Figure 1-1 shows a truecolor
photograph (here rendered in grayscale) together with two 256-color versions
of the same image--one simply quantized to 256 colors and the other both
quantized and dithered. The insets give a magnified view of one region,
showing the relative effects of the two procedures.
I'll round out our review of image properties and concepts with
a quick look at compression. There are really only two flavors: lossless
and lossy. Lossless compression preserves the exact image data down
to the last bit, so that what you get out after uncompressing is exactly the
same as what you started with. In contrast, lossy compression throws
away some of the data in return for much better compression ratios. For
photographic images, the best lossless methods may only manage a factor of
two or three in compression, whereas lossy methods typically achieve anywhere
from 8 to 25 times reduction with very little visible loss of quality.

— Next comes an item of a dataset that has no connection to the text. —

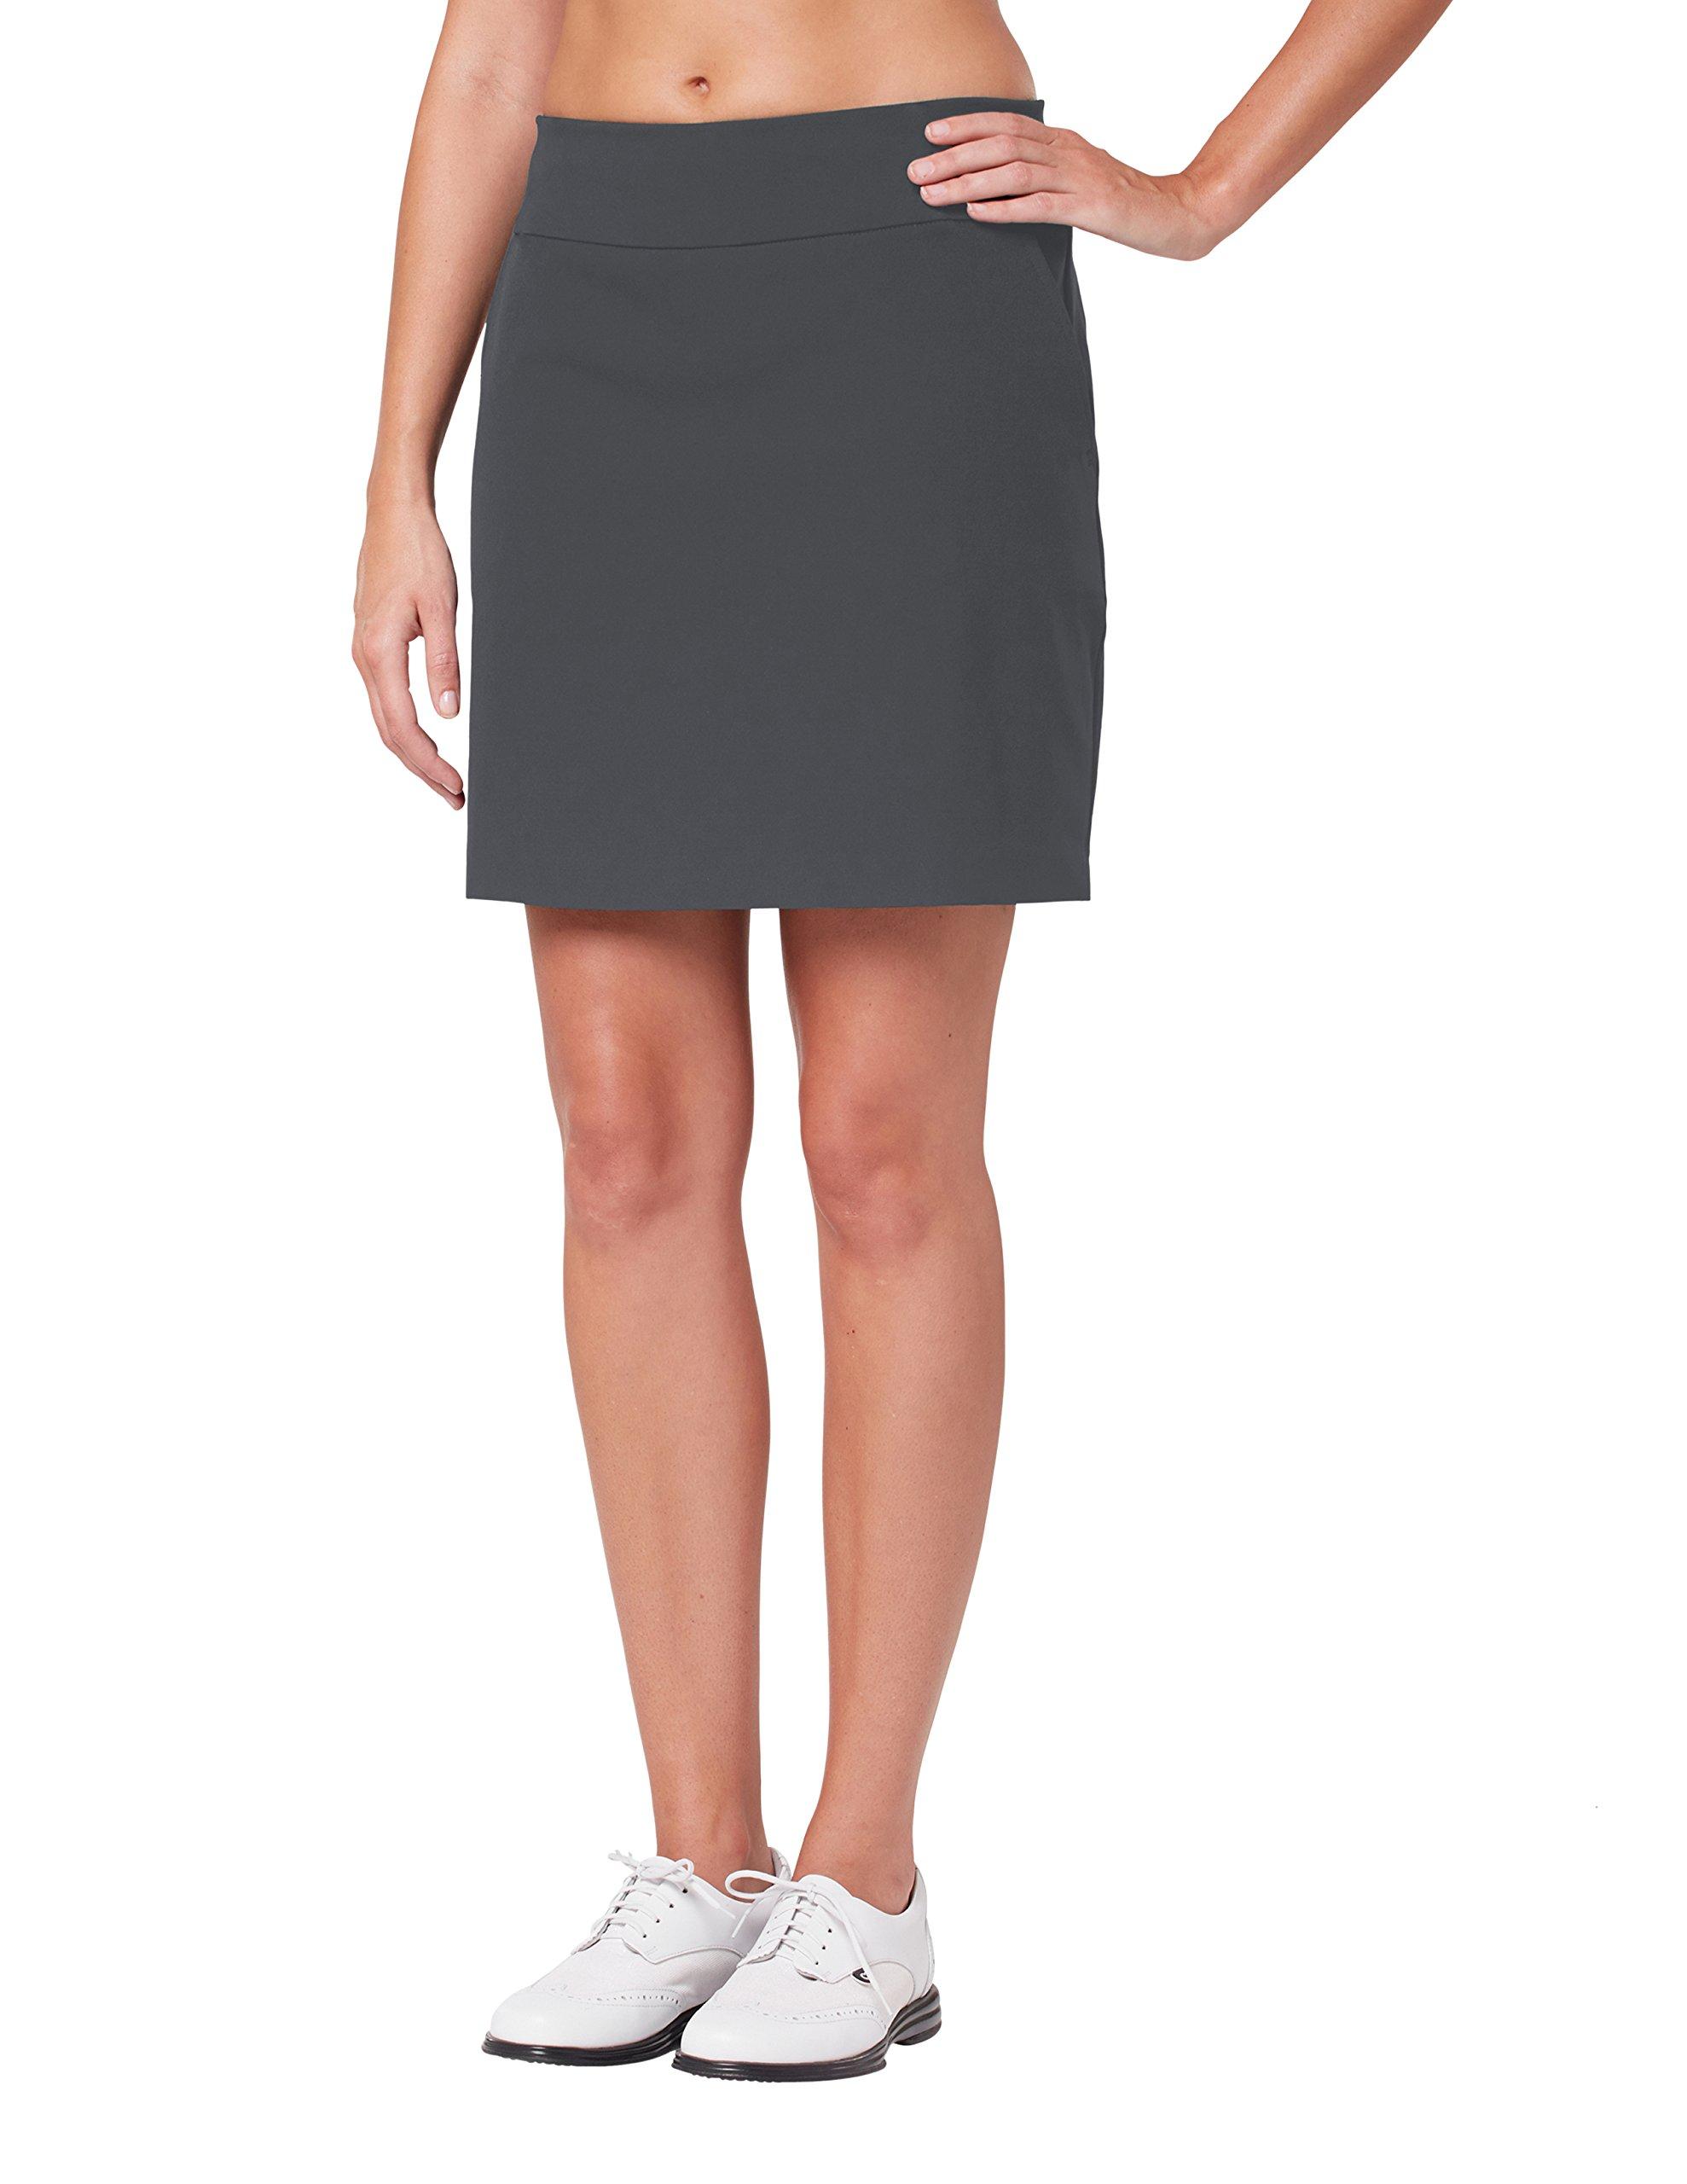 Tail Activewear Women's Mulligan Skort 10 Iron

I'll discuss the details of compression, particularly the lossless variety,
at greater length in Chapter 9, "Compression and Filtering".
Finally, in describing the advantages of PNG, I will necessarily compare
it with some older image formats. Although there are literally
hundreds of different formats, we will be most concerned with just three:
GIF, JPEG, and TIFF. GIF, short for the Graphics Interchange Format,
and JPEG, short for the Joint Photographic Experts Group (which defined
the format), are both very common image types often seen on the
Web. TIFF, on the other hand, short for Tagged Image File Format, is
almost never used on the Web but is quite popular as an output format from
scanners and as an intermediate ``save format'' while editing images. I'll
touch on the properties of each of these formats as we go.
|